::: Data shown :::

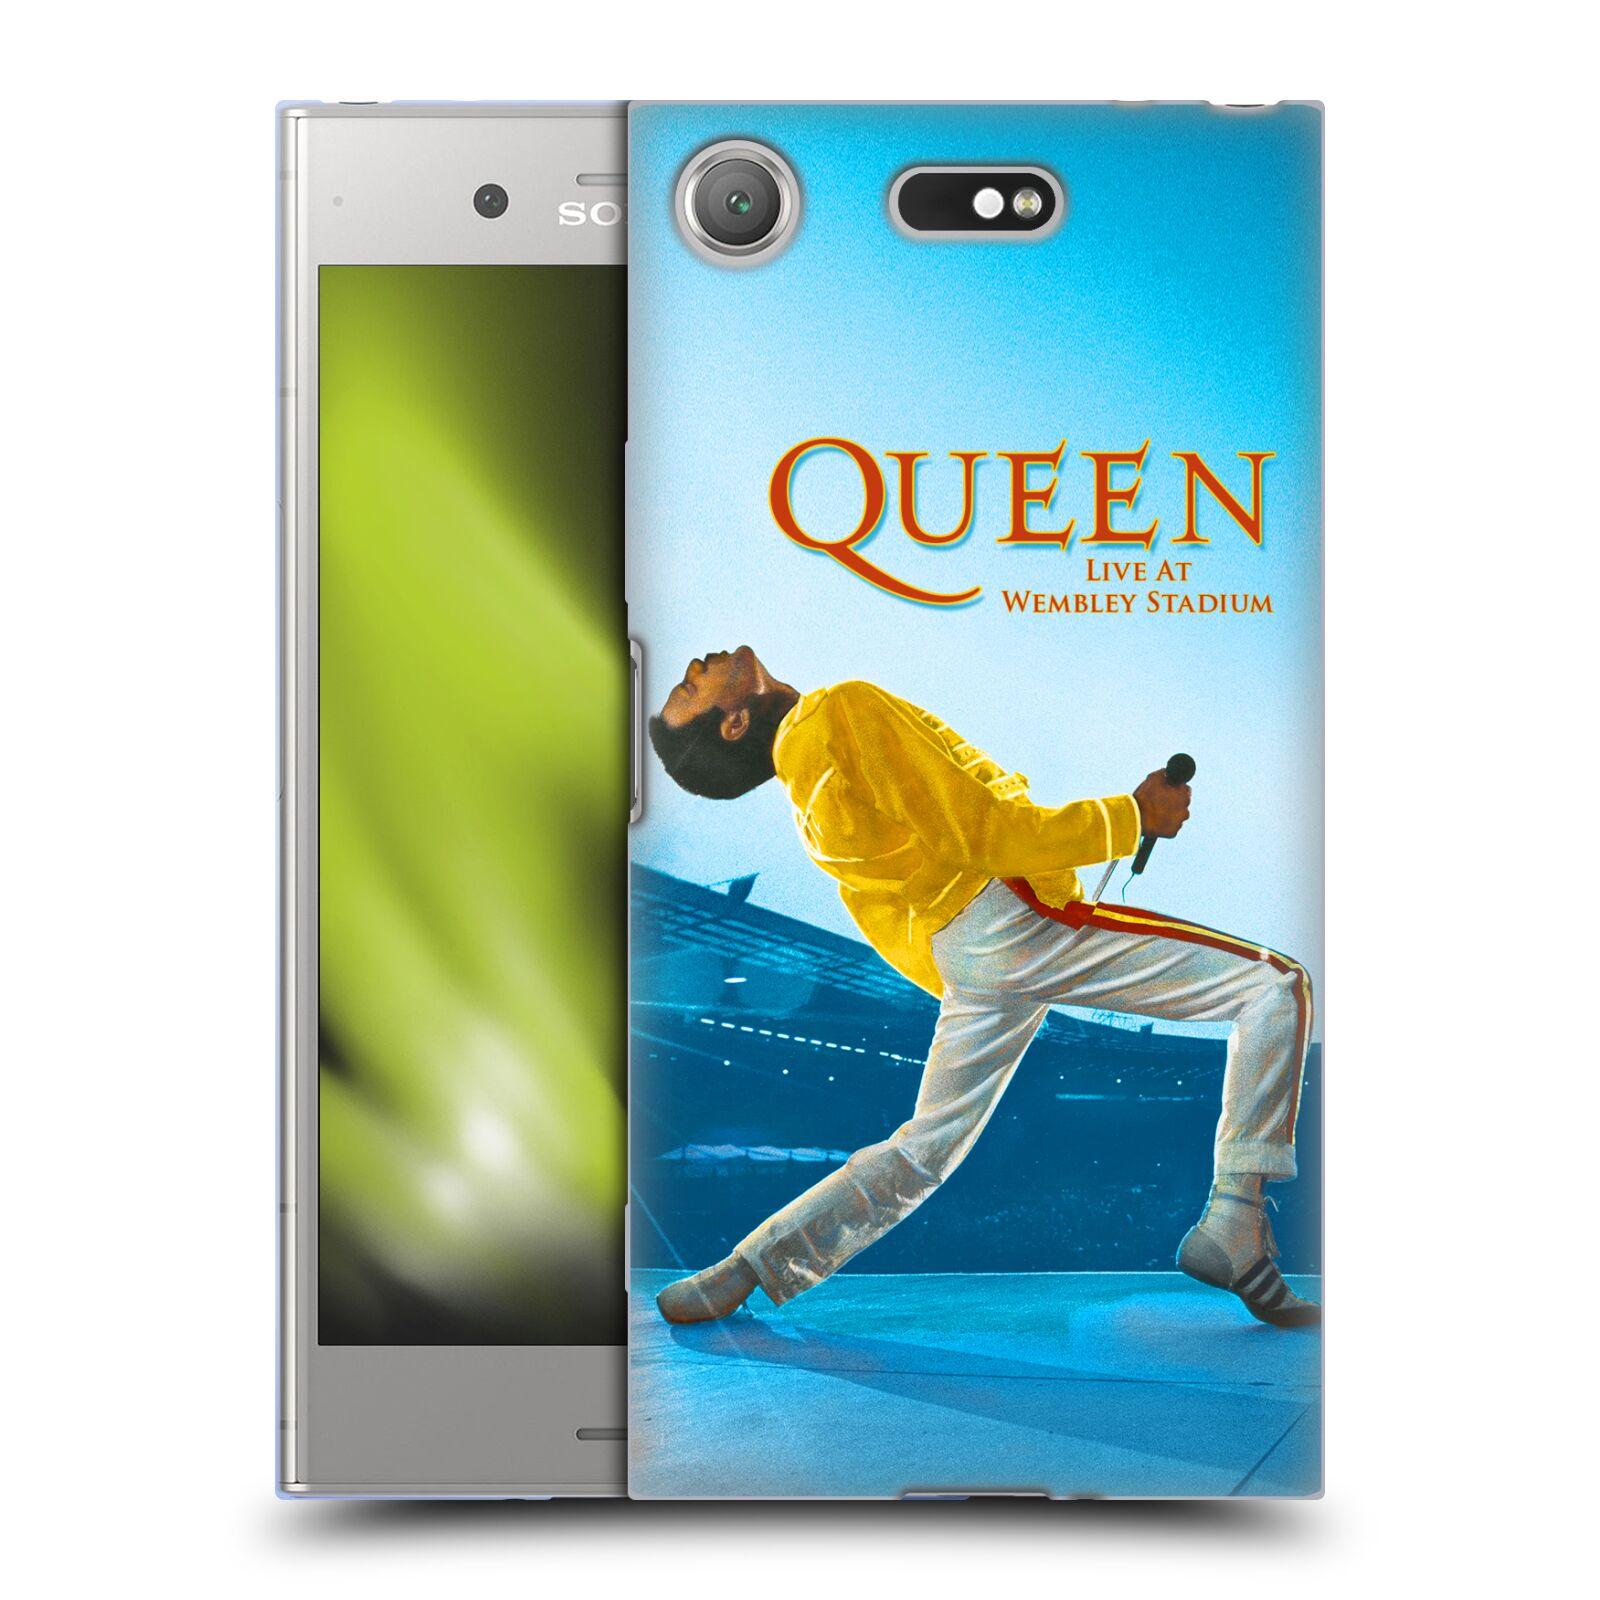 Silikonové pouzdro na mobil Sony Xperia XZ1 Compact - Head Case - Queen - Freddie Mercury
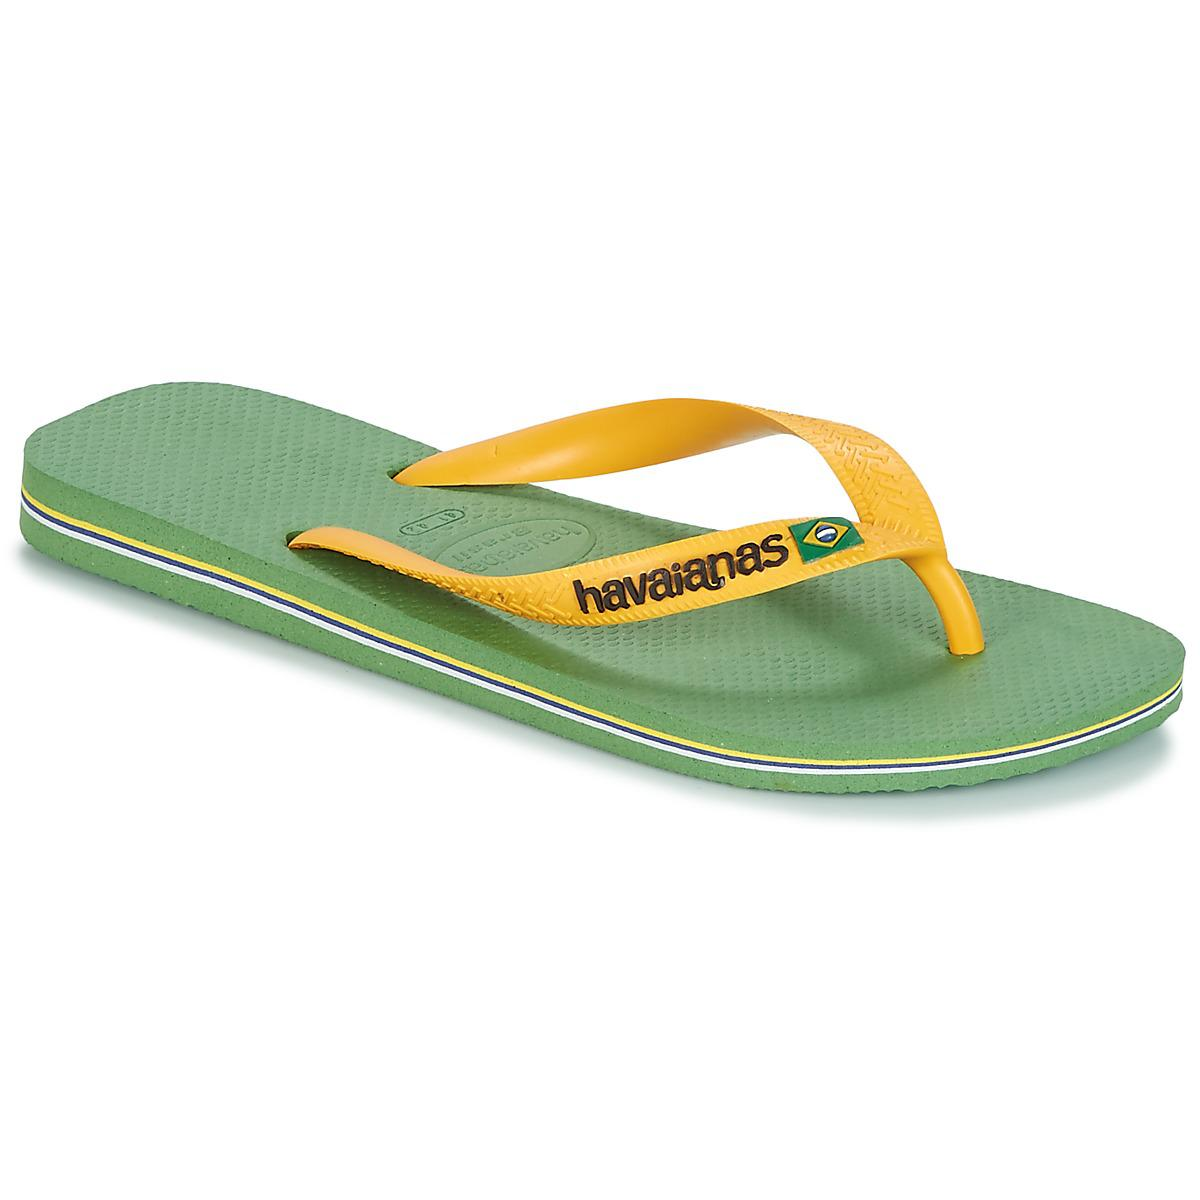 438bf528082b4 Havaianas - Brazil Logo Men s Flip Flops   Sandals (shoes) In Green for  Men. View fullscreen
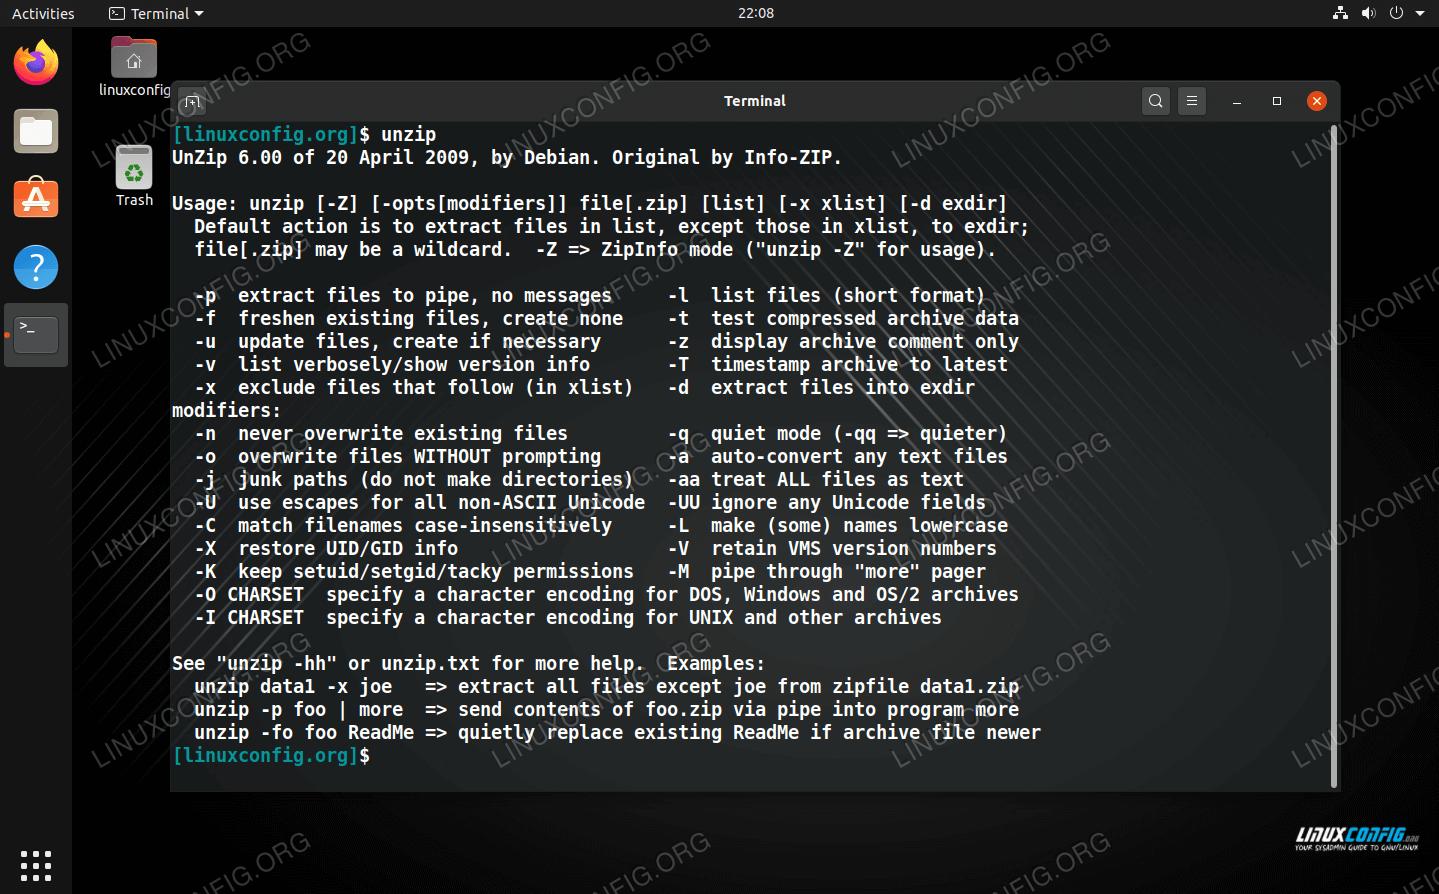 Unzip command on Linux

:::

Exercise:
Your task is to repeat the listing exactly while omitting its pictures.

Solution for this exercise:
 Silikonové pouzdro na mobil Sony Xperia XZ1 Compact - Head Case - Queen - Freddie Mercury
 438bf528082b4 Havaianas - Brazil Logo Men s Flip Flops   Sandals (shoes) In Green for  Men. View fullscreen
 Unzip command on Linux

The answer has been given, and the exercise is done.